August 07, 2012

Healing priest touches San Carlos crowd

Stampede! Relentless crowd rushes to the stage at the City Auditorium and fight their way up for the healing touch of Rev. Fr. Fernando M. Suarez. Youth volunteers of the Charismatic Movement struggle to form a human barricade to prevent a stampede.  

She had totally given up on medicines and her parents had brought her home from Corazon Locsin Montelibano Memorial Regional Hospital in Bacolod City.
She has kidney disease that caused her stomach to bloat and she tested positive of lupus.
On August 2, Thursday, Miriam's parents took her again from their home in Caticlan, Barangay Rizal and brought her, not to a hospital this time, but to the City Auditorium that the 18-year old may receive healing from God through Rev. Fr. Fernando M. Suarez.
On a folding bed at the foot of the stage Miriam was sprawled, an oxygen tank by her side delivering the aid to her shallow breathing. But this girl's abject sickness did not elicit the mercy of the desperate crowd that rushed, stampede-like, to the stage to be touched by Fr. Suarez.
The event drew around 5,000 believers, some searched for physical cure while others hoped for spiritual healing, as could be read from their name tags. And little did the organizers from the San Carlos Diocese Service Committee, Catholic Charismatic Renewal Movement knew that the crowd would be so unbending to pleas for order and discipline.

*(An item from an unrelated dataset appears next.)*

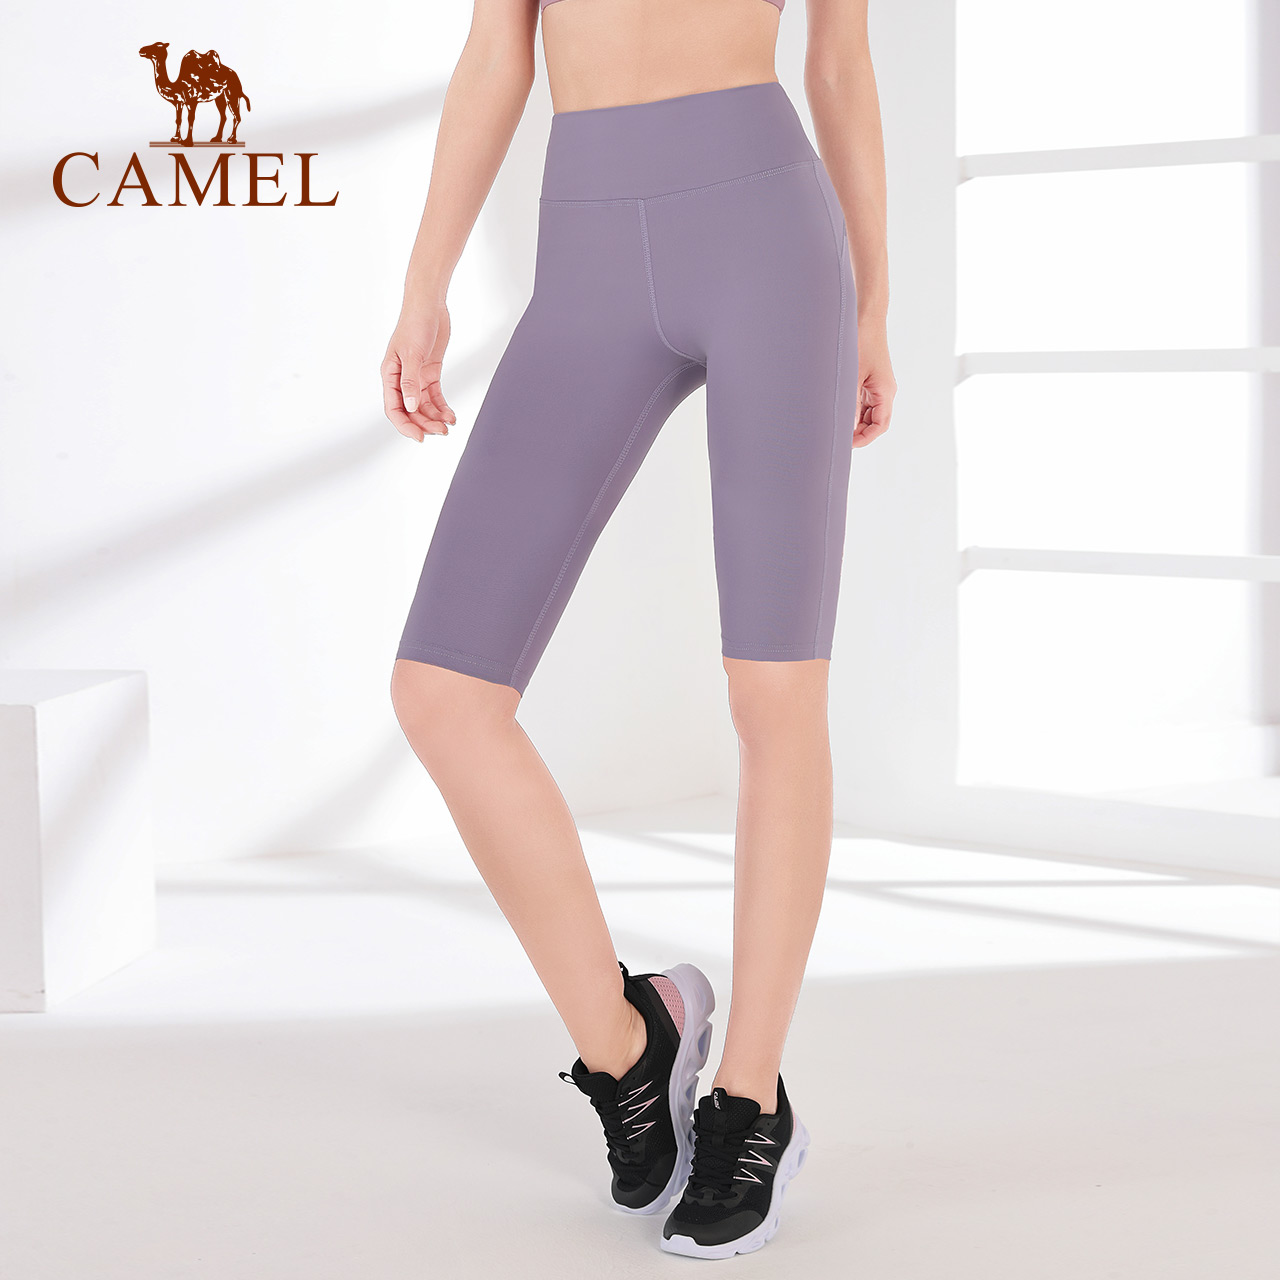 Quần thun CAMEL dài năm tấc mỏng ôm dáng phong cách đơn giản cho nữ

‘Pick up your mat and go home’
The chaos aside, Fr. Suarez proceeded to touch the foreheads of each of those present. Some of them fainted and cried claiming that their ills had been healed.
Michael Navaja, 28, had a spinal cord injury. His parents, Rosa and Romeo Navaja could not afford to send him to specialists and therapists. The mother, a laundrywoman, said that they brought him to San Carlos City Hospital but they were never able to bring him to higher medical institutions. Instead, they had him treated through local remedies or Binisaya to no avail.
Michael had not been able to walk since May and had suffered back pain for a year already. But when Fr. Suarez came to him, he held on the priest's hand. As the healer drew up the sick from his mat, those limp, thin legs started walking again.
All the way to the centerline, Fr. Suarez guided the sick man taking feeble steps, while Rosa rolled up her son's mat, already prepared to go home.
Such were the miraculous healing sights that took place after the Healing Mass that Fr. Suarez officiated with the 13 priests from the Dioceses of San Carlos and Bacolod in attendance.
It’s God
But the healing priest put forward a disclaimer during his homily as in his interview with NRWP. He emphasized that he cannot heal but that it is God who does and that what he has is only a gift. He could not keep the gift for himself but he must share to others.
The gift
His gift manifested when he was still 16 and a chemical engineering freshman at Adamson University. There was a lame old woman in Quiapo, he told. He took pity on her and prayed over her. To both their surprise, the woman started to walk.
But he did not immediately become a priest. He finished his college course instead and became a chemical engineer working in the country and abroad.
At 25, he went to a seminary in Canada and was ordained there in 2002. Since then, he had been conducting healing masses and sessions across more than a hundred countries around the globe and has served roughly 15 M people.
New evangelization
Fr. Suarez added that he believes that his work is a loud response to Pope Benedict XVI's call for Filipino bishops to initiate the "new evangelization" of the country. He said that the number of people who flock his healing masses is proof that healing is a work of evangelization.
"Healing is the most concrete form of evangelization," he said and sited the several occasions of Jesus Christ healing the sick in the Bible.
He also attested that even non-Catholics, who are growing in numbers, attend his healing sessions and some of them, even the Muslims, were converted.
Now he has a religious order, the Missionaries of Mary Mother of the Poor that he co-founded with the Canadian Fr. Jeff Shannon. Their base is in Occidental Mindoro. 
Money talk
Meanwhile, the organizers, who braced the surge of excitement from the crowd that witnessed healing miracles, clarified that the activity did not require those who attended to give donations.
Hermie Suarez, the leader of the Charismatic Renewal Movement said that they placed 'love offering' boxes on the registration tables at the entrance but anyone may or may not drop a donation.
But the layman Suarez said should they raise enough funds, they will use it to pay for the expenses they incurred during the event and send Fr. Suarez and his team with some stipend. 

1 comment:

  1. Why do the people of San Carlos resorted to Spiritual healing? Has the health care system of the city failed to address the health needs of the people?